Gospel Reflections by Fr. Abbot Denis Farkasfalvy.

Feast of the Holy Trinity
May 26, 2002
John 3:16-18
The New Testament texts selected for today’s liturgy are in themselves too short and meager to express even implicitly the Trinitarian doctrine of the apostolic church.
And so it may be helpful to look at a sequence of other passages that may help us catch the "the Trinitarian logic" of the Christian faith. Their impact is cumulative. For it is not by chance that the only text of the New Testament in which the doctrine of the three divine persons is expressed in explicit juxtaposition of the three divine Persons -- Father and Son and Holy Spirit -- is in the concluding scene of Matthew's gospel, a text which gives final and full sense to the whole book (Mt 28:16-20).
Equally important are, however, the many Pauline texts -- in his earliest epistles like First Thessalonians and Galatians, and (possibly) also Philippians, as well as in the late or deutero-pauline writings like Ephesians, in which thoughts about Father, Son and Spirit appear as if linked by the inner logic of a comprehensive vision. According to this vision God's full and perfect self-giving and self-expression takes place through the Son who became man and through the outpouring of the gifts of the Spirit. A fine example is found at the beginning of First Thessalonians, possibly the oldest document among the books that constitute the New Testament:
“Remembering before our God and Father your work of faith and labor of love and steadfastness of hope in our Lord Jesus Christ.
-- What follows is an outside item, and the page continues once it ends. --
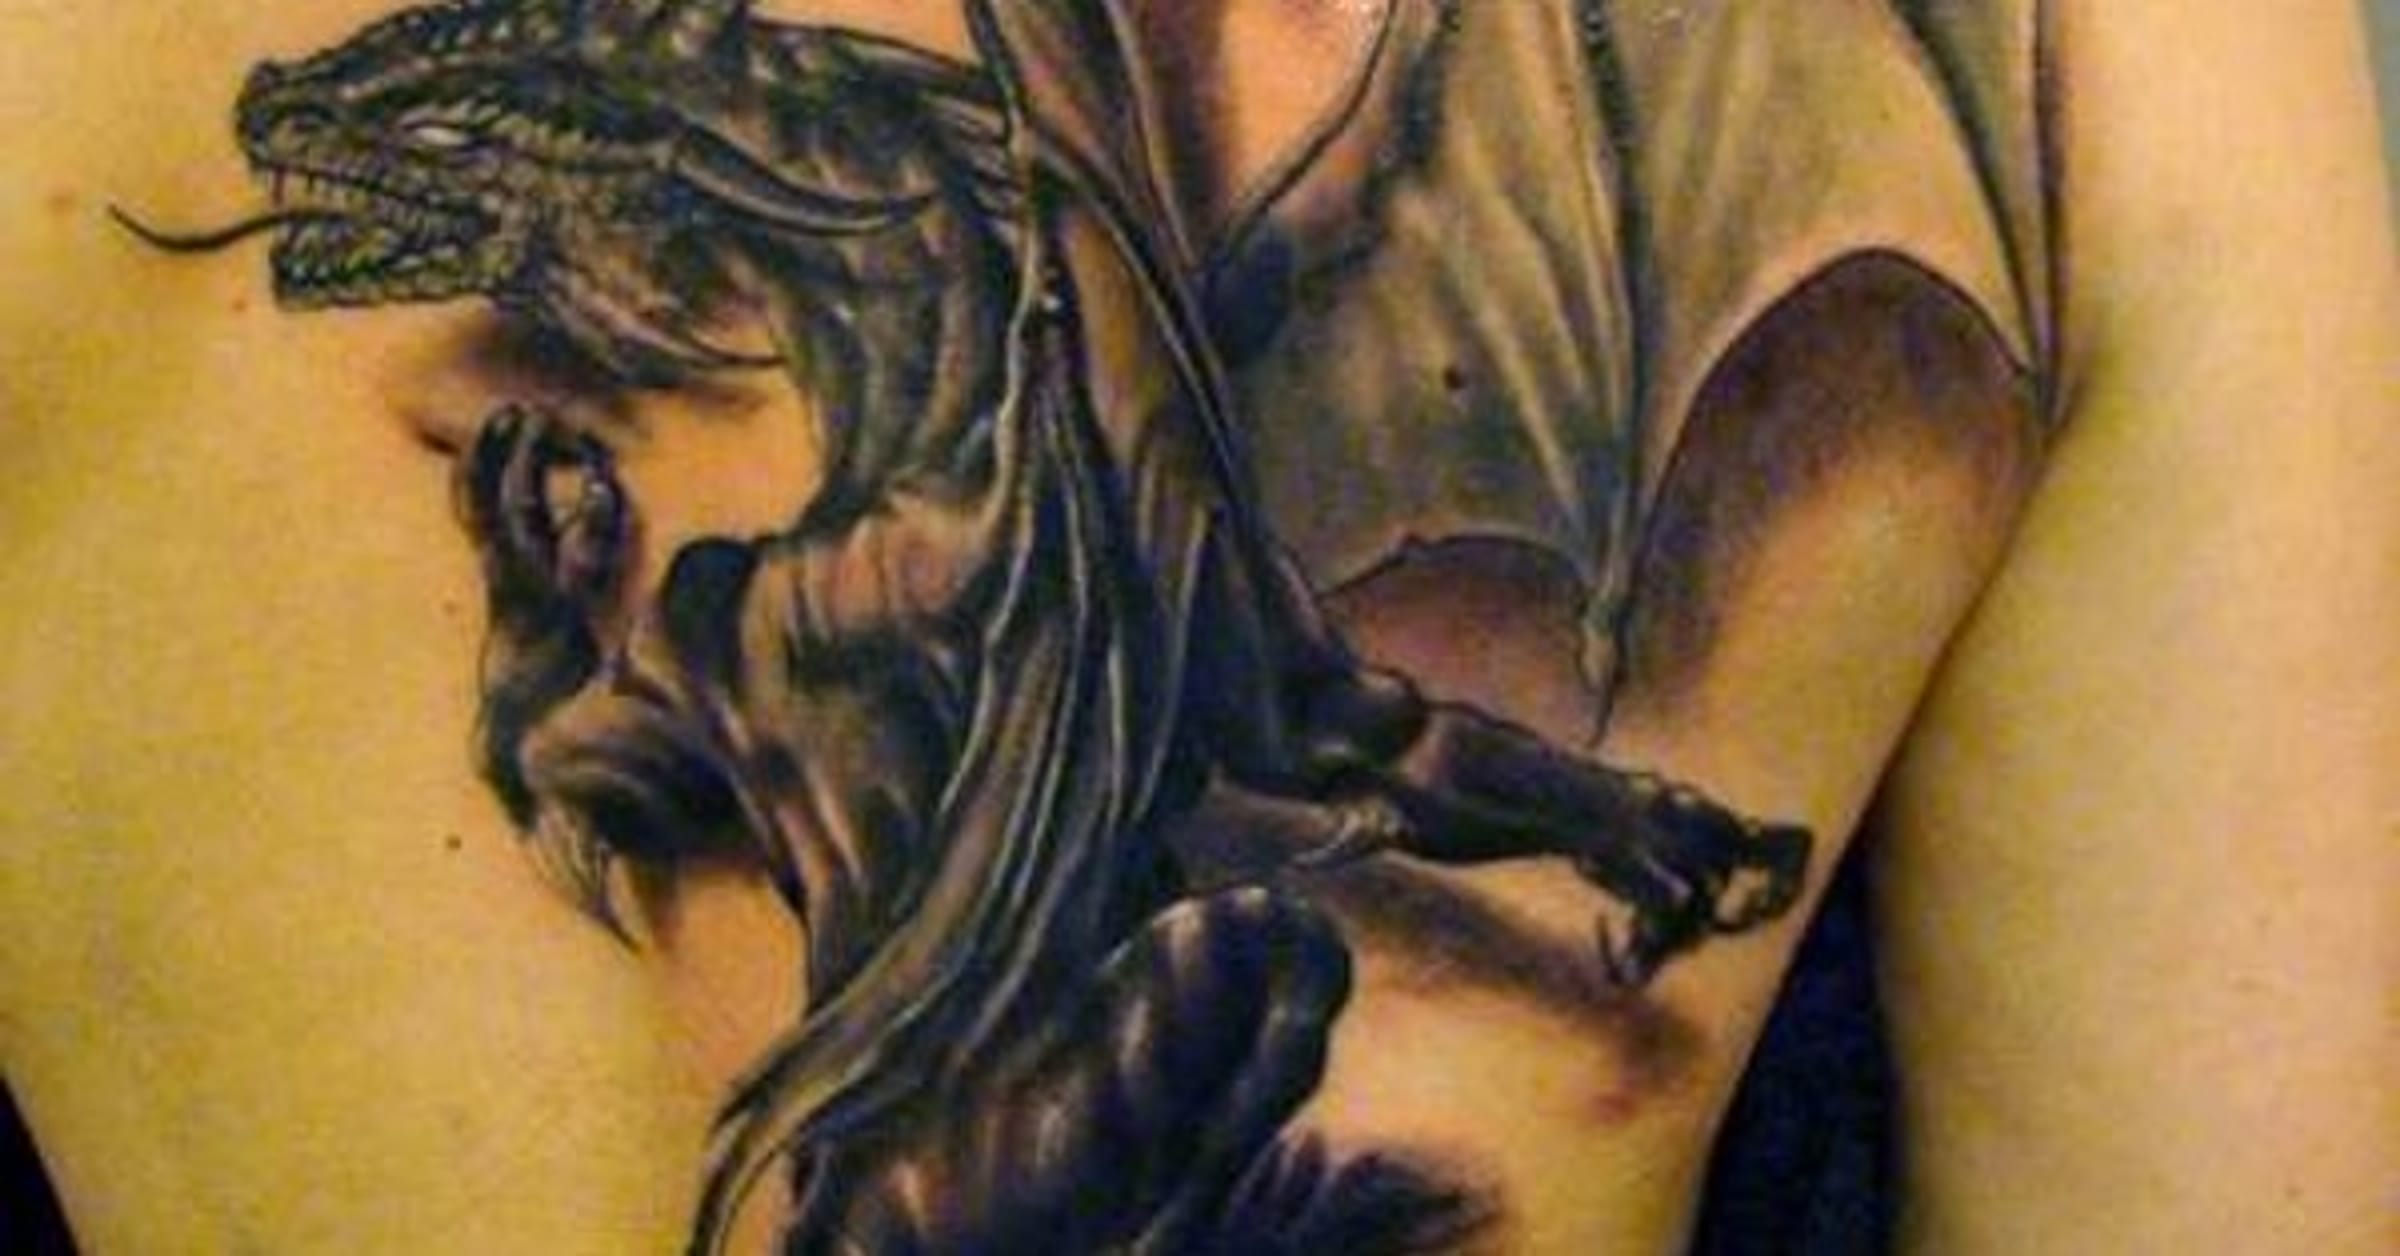 earth dragon tattoo

For we know, beloved by God, that he has chosen you because our message of the gospel came to you not in word only, but also in power and in the Holy Spirit and with full conviction" (1 Thess 1:3-5).
This logic is also embedded in John's Farewell Discourse, except that there the divine persons are mentioned in reverse order:
"When the Spirit of truth comes, he will guide you into all the truth; for he will not speak on his own, but will speak whatever he hears, and he will declare to you the things that are to come. He will glorify me (the Son), because he will take what is mine and declare it to you. All that the Father has is mine." (Jn 16:13-15a)
The passage selected for today’s epistle concludes with a greeting that brings a third variation to the listing of the Divine Persons: “the grace of our Lord Jesus Christ, the love of God and the fellowship of the Holy Spirit be with all of you” (2 Cor 13:13). Grace means merciful kindness revealed through the love of Jesus and bringing about a response of love toward the Father and connecting us in a “fellowship” i.e., the discovery of communion among human beings alienated by sin but brought back to each other when they are reconciled with their common Father. We meet God as the ultimate Origin (Father) reaching out to us in his Incarnate Self-Expression (Son) and taking home in our inner life as a Personal Bond of Love between the two (the Spirit) who draws us also into the heart of their divine communion that has no beginning and no end.
Trinity Sunday is a call to confront the ultimate issue of our call, our destiny and goal. God has loved the world so much that he did not allow us to go astray but wants to lead us to himself into an intimacy of knowledge and love with God that reaches far beyond the potential of the human being and fulfills more than what we can desire. The final human response is not a mere pondering or an effort of comprehension but allowing God’s grace to overwhelm us by embracing our existence into his own.